Smart and measurable yes, A and R (whatever they stand for) I don’t find helpful, and the time-bound seems to fly in the face of the Anytime/Anywhere mantra that’s so often used in elearning.

Why do I think objectives are so important? We seem to be constantly bombarded with the ‘next big thing’. At the moment it seems to be gamification. People talk passionately about it, but if I’m honest I don’t get it. Ever since I started teaching we used games in the classroom, there were books for of games for teaching, memory games, guessing games, discussion games, simulations  – all sorts of things. So far, I’ve not heard one person say we’ve got a difficult issue we need to address and here’s the game we’re going to use to help get that over. There’s a lot of talk about engagement and making it fun, but I’d be asking myself first why learners are disengaged and bored with the materials they’re getting.

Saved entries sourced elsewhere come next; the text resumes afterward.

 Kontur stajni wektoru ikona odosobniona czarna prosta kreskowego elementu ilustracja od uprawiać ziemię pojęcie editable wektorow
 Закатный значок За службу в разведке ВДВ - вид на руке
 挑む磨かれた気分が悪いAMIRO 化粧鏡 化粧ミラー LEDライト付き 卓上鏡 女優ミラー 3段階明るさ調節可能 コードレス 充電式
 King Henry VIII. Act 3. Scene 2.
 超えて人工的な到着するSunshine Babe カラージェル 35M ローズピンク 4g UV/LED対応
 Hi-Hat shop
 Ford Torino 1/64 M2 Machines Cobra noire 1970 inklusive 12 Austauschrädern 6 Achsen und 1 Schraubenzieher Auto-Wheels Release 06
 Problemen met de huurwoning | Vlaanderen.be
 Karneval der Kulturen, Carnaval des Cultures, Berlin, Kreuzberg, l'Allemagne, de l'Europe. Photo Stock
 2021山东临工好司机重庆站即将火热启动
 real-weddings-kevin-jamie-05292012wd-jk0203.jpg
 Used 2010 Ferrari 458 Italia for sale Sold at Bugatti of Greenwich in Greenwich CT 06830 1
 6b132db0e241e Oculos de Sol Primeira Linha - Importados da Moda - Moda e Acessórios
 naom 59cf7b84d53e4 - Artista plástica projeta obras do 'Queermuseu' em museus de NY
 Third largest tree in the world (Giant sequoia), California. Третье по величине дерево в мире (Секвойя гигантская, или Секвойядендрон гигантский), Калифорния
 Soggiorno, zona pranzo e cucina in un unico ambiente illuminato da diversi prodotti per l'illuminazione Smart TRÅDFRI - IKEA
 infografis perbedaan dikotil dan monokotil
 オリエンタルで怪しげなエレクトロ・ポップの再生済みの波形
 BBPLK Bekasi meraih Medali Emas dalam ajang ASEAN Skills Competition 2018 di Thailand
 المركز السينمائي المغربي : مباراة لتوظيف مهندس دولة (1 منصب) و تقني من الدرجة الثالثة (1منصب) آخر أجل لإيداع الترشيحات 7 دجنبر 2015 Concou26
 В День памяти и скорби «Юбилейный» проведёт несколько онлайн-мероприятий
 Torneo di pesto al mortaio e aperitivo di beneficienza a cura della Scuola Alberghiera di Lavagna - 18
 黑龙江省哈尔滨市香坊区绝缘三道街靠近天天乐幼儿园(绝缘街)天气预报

A recent Towards Maturity survey said that a lot of learners found materials uninspiring. It seems to me that the reaction to this it to look at the delivery methods and try and make them more interesting. My experience is that it’s not so much the way the materials are presented that makes them uninspiring, but the content. An example of what I mean is the phrase, ‘… and remember, [insert your own topic here] is everyone’s responsibility’. I’ve seen it so many times and, as a learner, it raises my affective hackles every time.

Writing good meaningful objectives is one of the hardest things I’ve found when preparing materials. They’re often overlooked, or quickly concocted based on the material that’s covered in the course – i.e. not real learning objectives. For me, however, they provide the foundations for any training materials and are essential to the process.